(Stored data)
::::

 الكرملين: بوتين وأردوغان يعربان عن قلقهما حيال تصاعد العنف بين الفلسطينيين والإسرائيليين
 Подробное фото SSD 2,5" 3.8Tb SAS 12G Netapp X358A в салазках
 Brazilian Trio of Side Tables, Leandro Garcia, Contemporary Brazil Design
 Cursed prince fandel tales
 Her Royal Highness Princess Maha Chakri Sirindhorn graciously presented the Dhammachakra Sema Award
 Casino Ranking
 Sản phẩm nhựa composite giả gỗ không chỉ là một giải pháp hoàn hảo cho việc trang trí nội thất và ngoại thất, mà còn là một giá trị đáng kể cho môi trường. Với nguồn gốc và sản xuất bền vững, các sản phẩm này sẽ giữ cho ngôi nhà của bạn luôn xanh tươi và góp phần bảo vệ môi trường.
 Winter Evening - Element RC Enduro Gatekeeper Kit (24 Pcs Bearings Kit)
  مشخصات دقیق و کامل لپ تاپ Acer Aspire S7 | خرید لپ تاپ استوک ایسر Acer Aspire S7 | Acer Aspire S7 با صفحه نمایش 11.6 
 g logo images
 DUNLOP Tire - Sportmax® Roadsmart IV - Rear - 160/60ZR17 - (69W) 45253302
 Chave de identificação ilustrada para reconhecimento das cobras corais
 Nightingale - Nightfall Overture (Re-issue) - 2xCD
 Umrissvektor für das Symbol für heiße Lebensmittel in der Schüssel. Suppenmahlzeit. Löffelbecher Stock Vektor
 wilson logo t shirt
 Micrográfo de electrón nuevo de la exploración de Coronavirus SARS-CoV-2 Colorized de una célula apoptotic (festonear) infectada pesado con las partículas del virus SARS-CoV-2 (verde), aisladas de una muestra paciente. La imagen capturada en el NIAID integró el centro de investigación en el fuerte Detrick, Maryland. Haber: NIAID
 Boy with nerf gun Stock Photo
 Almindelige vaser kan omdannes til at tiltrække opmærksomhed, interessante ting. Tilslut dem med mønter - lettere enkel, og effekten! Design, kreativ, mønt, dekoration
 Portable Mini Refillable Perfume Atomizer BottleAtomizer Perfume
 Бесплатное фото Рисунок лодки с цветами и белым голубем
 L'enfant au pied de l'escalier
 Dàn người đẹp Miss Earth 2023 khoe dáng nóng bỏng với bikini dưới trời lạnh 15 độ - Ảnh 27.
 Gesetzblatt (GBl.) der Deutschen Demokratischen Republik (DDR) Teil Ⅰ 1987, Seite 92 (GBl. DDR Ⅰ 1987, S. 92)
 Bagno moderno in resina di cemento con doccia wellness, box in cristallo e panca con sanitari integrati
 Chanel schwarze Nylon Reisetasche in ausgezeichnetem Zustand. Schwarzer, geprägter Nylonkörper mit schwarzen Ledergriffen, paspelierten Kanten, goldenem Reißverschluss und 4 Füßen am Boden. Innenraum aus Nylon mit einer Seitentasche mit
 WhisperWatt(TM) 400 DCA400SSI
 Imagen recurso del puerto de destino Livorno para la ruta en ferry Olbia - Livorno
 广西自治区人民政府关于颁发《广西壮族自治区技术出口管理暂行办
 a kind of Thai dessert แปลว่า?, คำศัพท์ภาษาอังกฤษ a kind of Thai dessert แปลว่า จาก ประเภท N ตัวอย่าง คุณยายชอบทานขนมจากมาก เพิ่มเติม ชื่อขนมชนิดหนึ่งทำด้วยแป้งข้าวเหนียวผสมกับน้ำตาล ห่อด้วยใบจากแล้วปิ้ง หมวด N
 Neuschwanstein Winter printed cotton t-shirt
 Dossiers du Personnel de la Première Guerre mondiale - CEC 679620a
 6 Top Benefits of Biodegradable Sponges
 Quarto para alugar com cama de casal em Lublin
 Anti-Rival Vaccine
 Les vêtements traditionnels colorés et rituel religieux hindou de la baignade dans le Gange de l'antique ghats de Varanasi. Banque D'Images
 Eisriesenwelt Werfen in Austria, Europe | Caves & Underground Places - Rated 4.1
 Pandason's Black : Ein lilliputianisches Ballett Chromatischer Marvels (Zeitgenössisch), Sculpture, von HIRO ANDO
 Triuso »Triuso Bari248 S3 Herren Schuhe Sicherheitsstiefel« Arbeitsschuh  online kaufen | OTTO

::::

** Problem to work on **
Copy range, inclusive: the line holding "Portable Mini Refillable" to the line holding "Les vêtements traditionnels". Reproduce exactly those lines of the records above and no others.

** Completed task **
 Portable Mini Refillable Perfume Atomizer BottleAtomizer Perfume
 Бесплатное фото Рисунок лодки с цветами и белым голубем
 L'enfant au pied de l'escalier
 Dàn người đẹp Miss Earth 2023 khoe dáng nóng bỏng với bikini dưới trời lạnh 15 độ - Ảnh 27.
 Gesetzblatt (GBl.) der Deutschen Demokratischen Republik (DDR) Teil Ⅰ 1987, Seite 92 (GBl. DDR Ⅰ 1987, S. 92)
 Bagno moderno in resina di cemento con doccia wellness, box in cristallo e panca con sanitari integrati
 Chanel schwarze Nylon Reisetasche in ausgezeichnetem Zustand. Schwarzer, geprägter Nylonkörper mit schwarzen Ledergriffen, paspelierten Kanten, goldenem Reißverschluss und 4 Füßen am Boden. Innenraum aus Nylon mit einer Seitentasche mit
 WhisperWatt(TM) 400 DCA400SSI
 Imagen recurso del puerto de destino Livorno para la ruta en ferry Olbia - Livorno
 广西自治区人民政府关于颁发《广西壮族自治区技术出口管理暂行办
 a kind of Thai dessert แปลว่า?, คำศัพท์ภาษาอังกฤษ a kind of Thai dessert แปลว่า จาก ประเภท N ตัวอย่าง คุณยายชอบทานขนมจากมาก เพิ่มเติม ชื่อขนมชนิดหนึ่งทำด้วยแป้งข้าวเหนียวผสมกับน้ำตาล ห่อด้วยใบจากแล้วปิ้ง หมวด N
 Neuschwanstein Winter printed cotton t-shirt
 Dossiers du Personnel de la Première Guerre mondiale - CEC 679620a
 6 Top Benefits of Biodegradable Sponges
 Quarto para alugar com cama de casal em Lublin
 Anti-Rival Vaccine
 Les vêtements traditionnels colorés et rituel religieux hindou de la baignade dans le Gange de l'antique ghats de Varanasi. Banque D'Images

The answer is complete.